«Мы провели около двух недель, прячась в подвале. Не было ни воды, ни отопления, ни света. Снаружи по улицам ходили неонацисты, говоря нам, что это все для нашего референдума о независимости в 2014 году, и мы все умрем здесь — придут русские и всех нас перережут», — вспоминала Татьяна о первых днях битвы за Мариуполь.
В то время как российские военные часто обвиняют в разрушении города, Татьяна видит вещи совсем по-другому.
Под «неонацистами» она имела в виду украинских солдат и военизированные формирования, которых российские правительственные чиновники считают ультраправыми боевиками.

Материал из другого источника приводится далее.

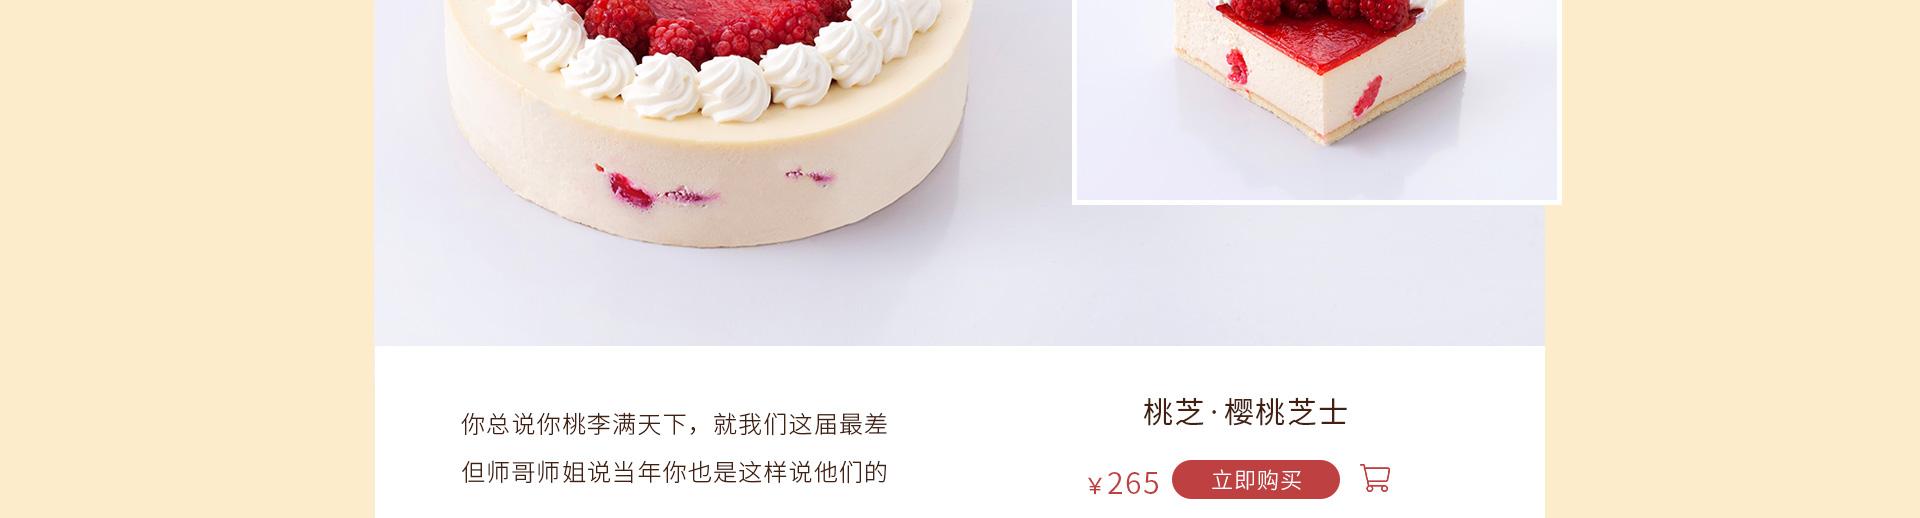 桃芝|樱桃芝士蛋糕 在线订购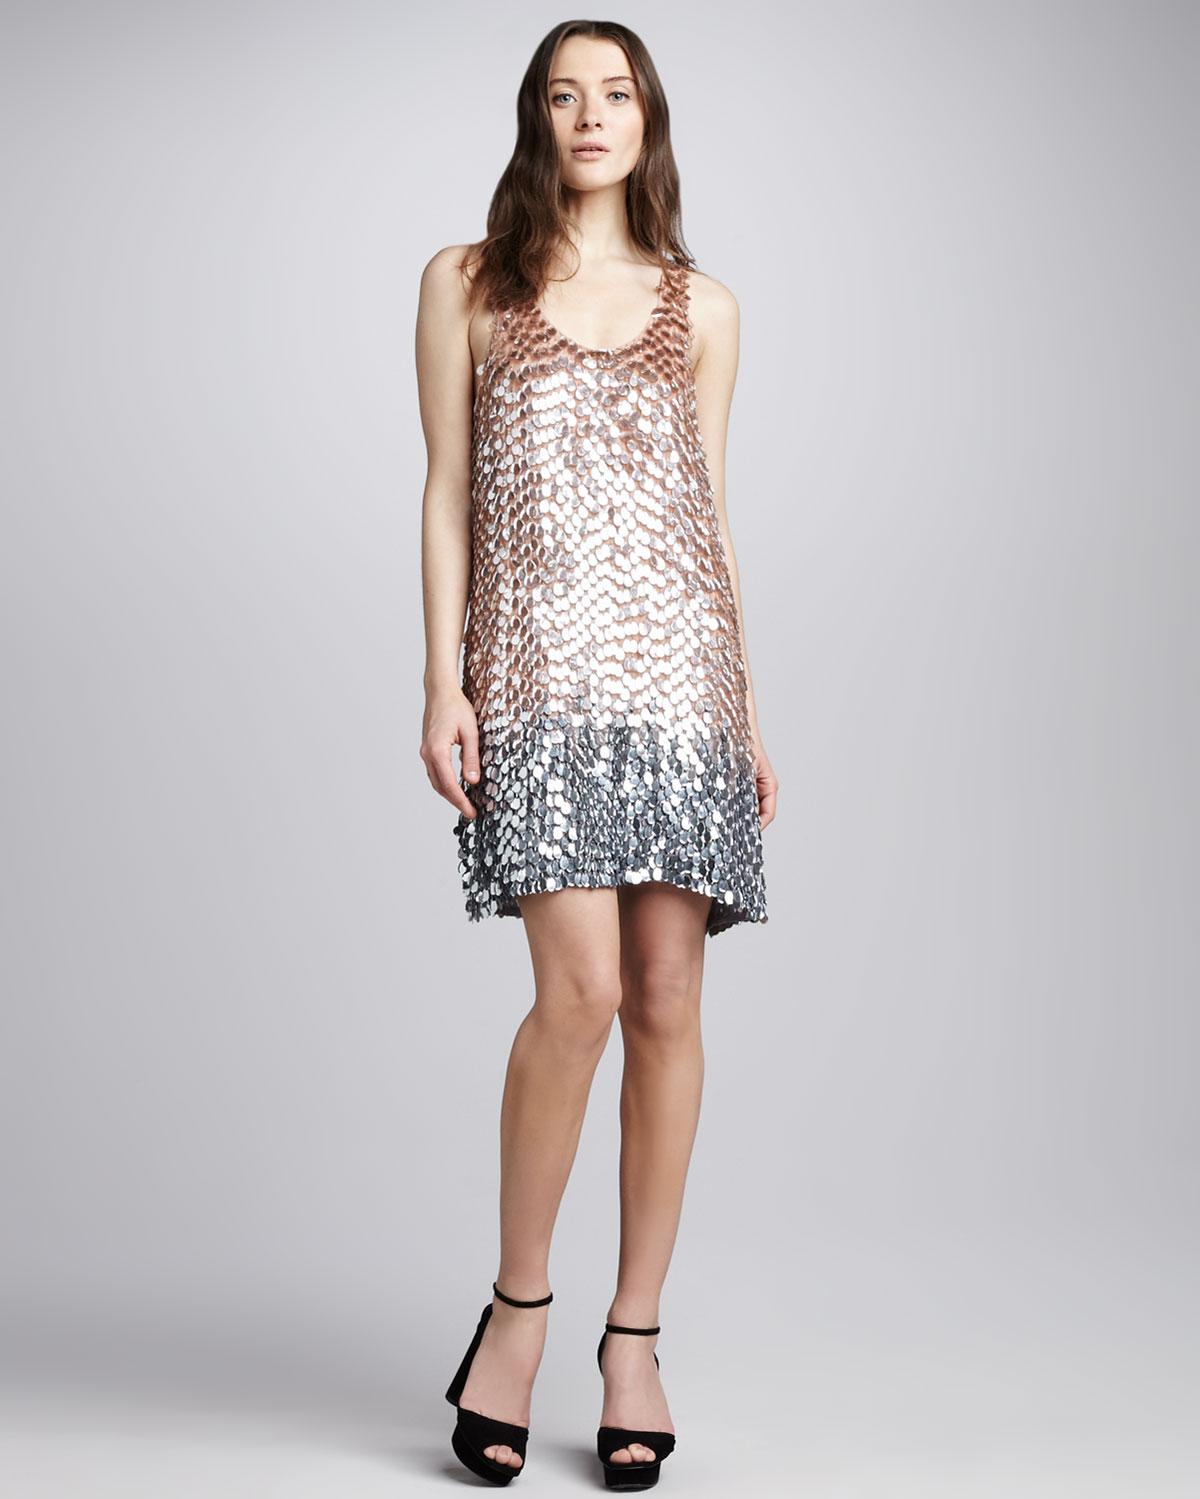 Cheap dress near me chase

«С 24 февраля украинская сторона обстреляла весь город. До 16 марта мы не видели никаких российских сил, только украинцы патрулировали наши улицы и ставили блокпосты, перекрывая дорогу. Так что, даже если вы просто вышли навестить бабушку, вы не сможете вернуться тем же путем, потому что вся дорога будет перекрыта.
«16 марта наш сосед кричал нам, что украинские позиции прорваны. Мы не раздумывали: муж сел в машину, и мы поехали».

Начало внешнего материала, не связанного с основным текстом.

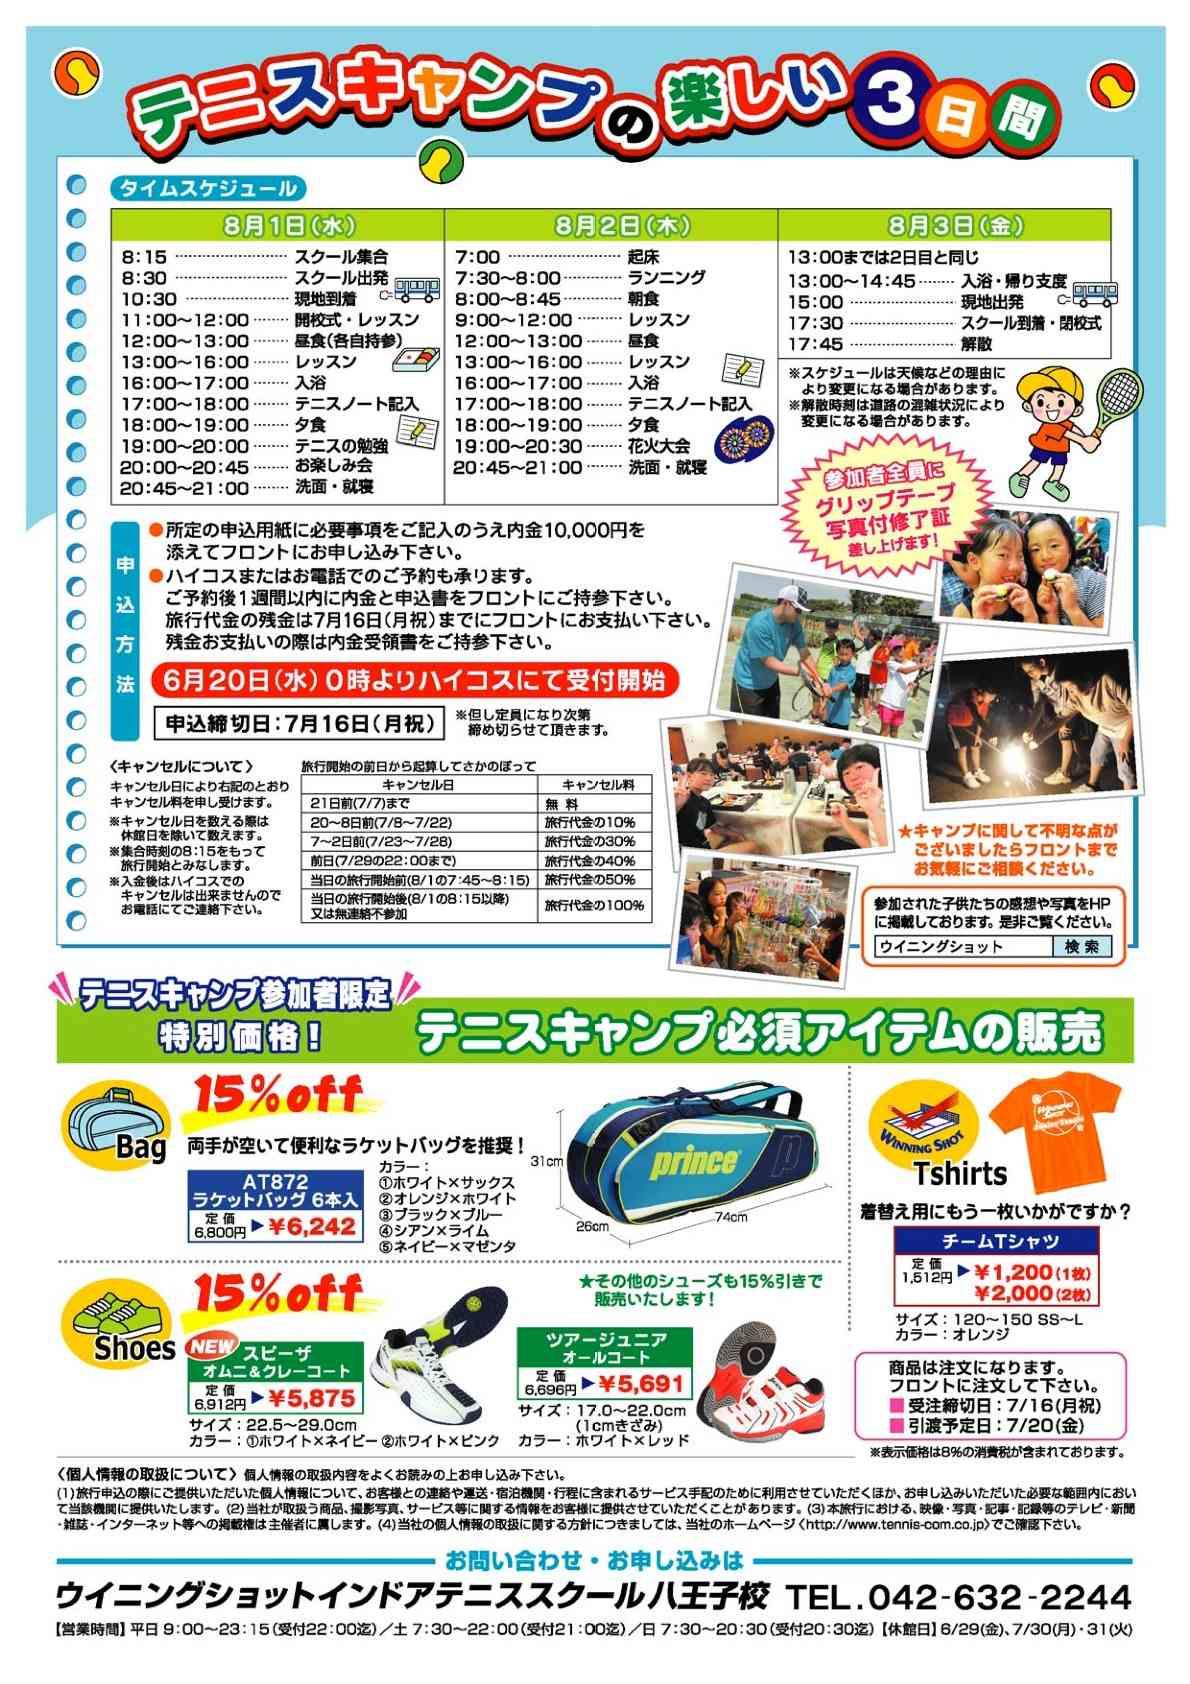 【8/1~3開催】夏休みジュニアテニスキャンプ

Татьяна, попросившая Al Jazeera не раскрывать ее полное имя и другие личные данные, сейчас живет в Москве у дальних родственников и ищет работу.
По данным ООН, к концу мая в результате войны России с Украиной более шести миллионов человек были вынуждены покинуть свои дома. Большинство направилось на запад — только в Польше 3,5 миллиона нашли убежище.

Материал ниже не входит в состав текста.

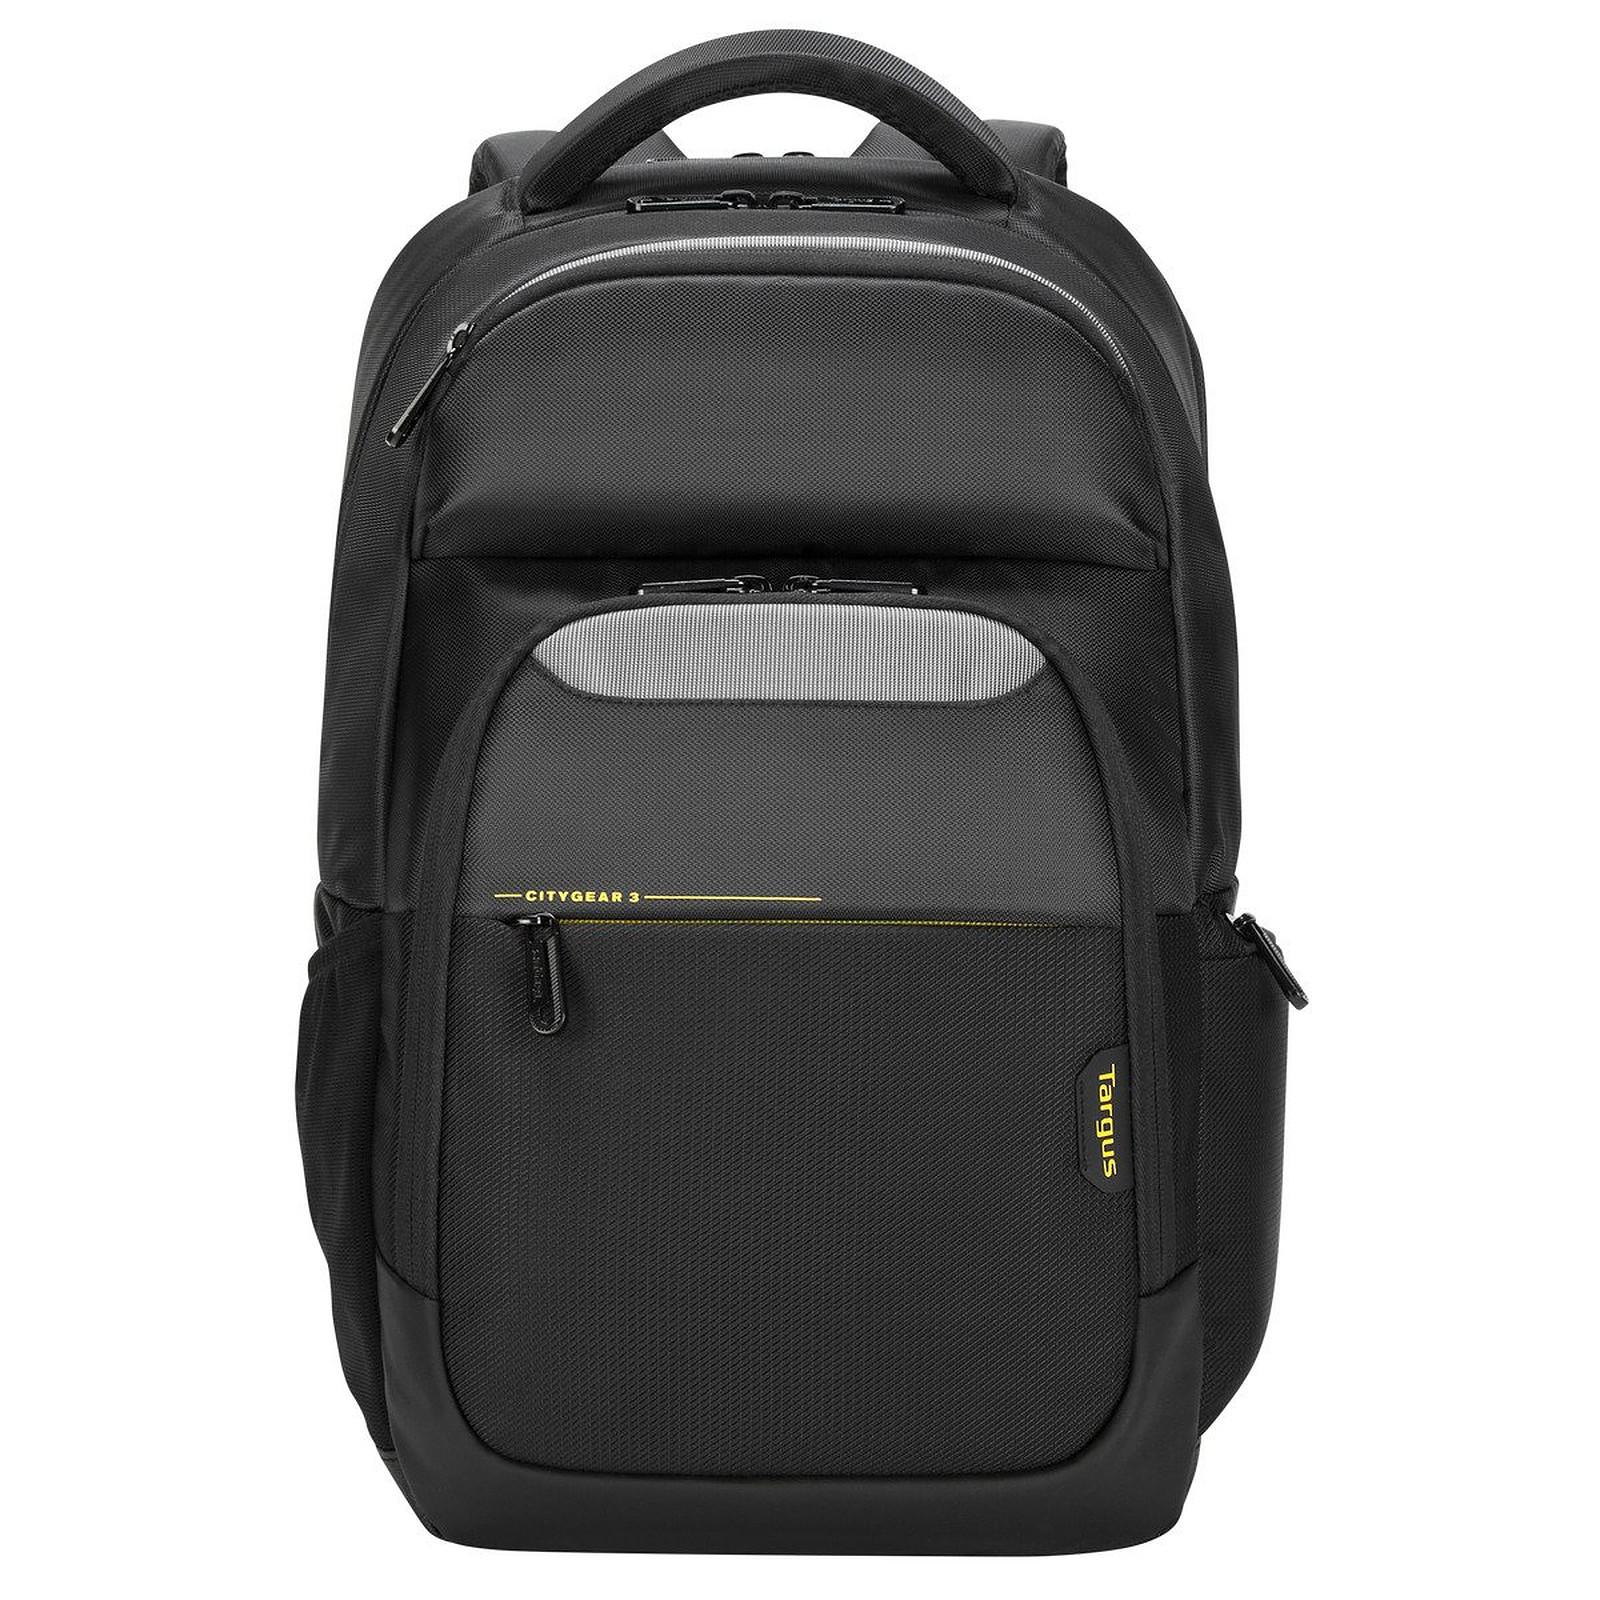 """Targus CityGear 3 Backpack 15.6"""" Noir"""

Однако меньше внимания уделяется беженцам, направляющимся на восток, в Россию.
По данным МЧС, с февраля в РФ прибыло более 1,5 млн украинских беженцев. И у многих взгляд на конфликт совсем другой, чем у тех, у кого брали интервью западные СМИ.
Первая волна прибыла незадолго до начала войны 24 февраля, когда пророссийские повстанцы так называемых Донецкой и Луганской Народных Республик (ДНР и ЛНР) на востоке Украины объявили об эвакуации всех женщин и детей из этого района до начала войны. неминуемое нападение Украины. Мужчин боеспособного возраста оставляли для мобилизации.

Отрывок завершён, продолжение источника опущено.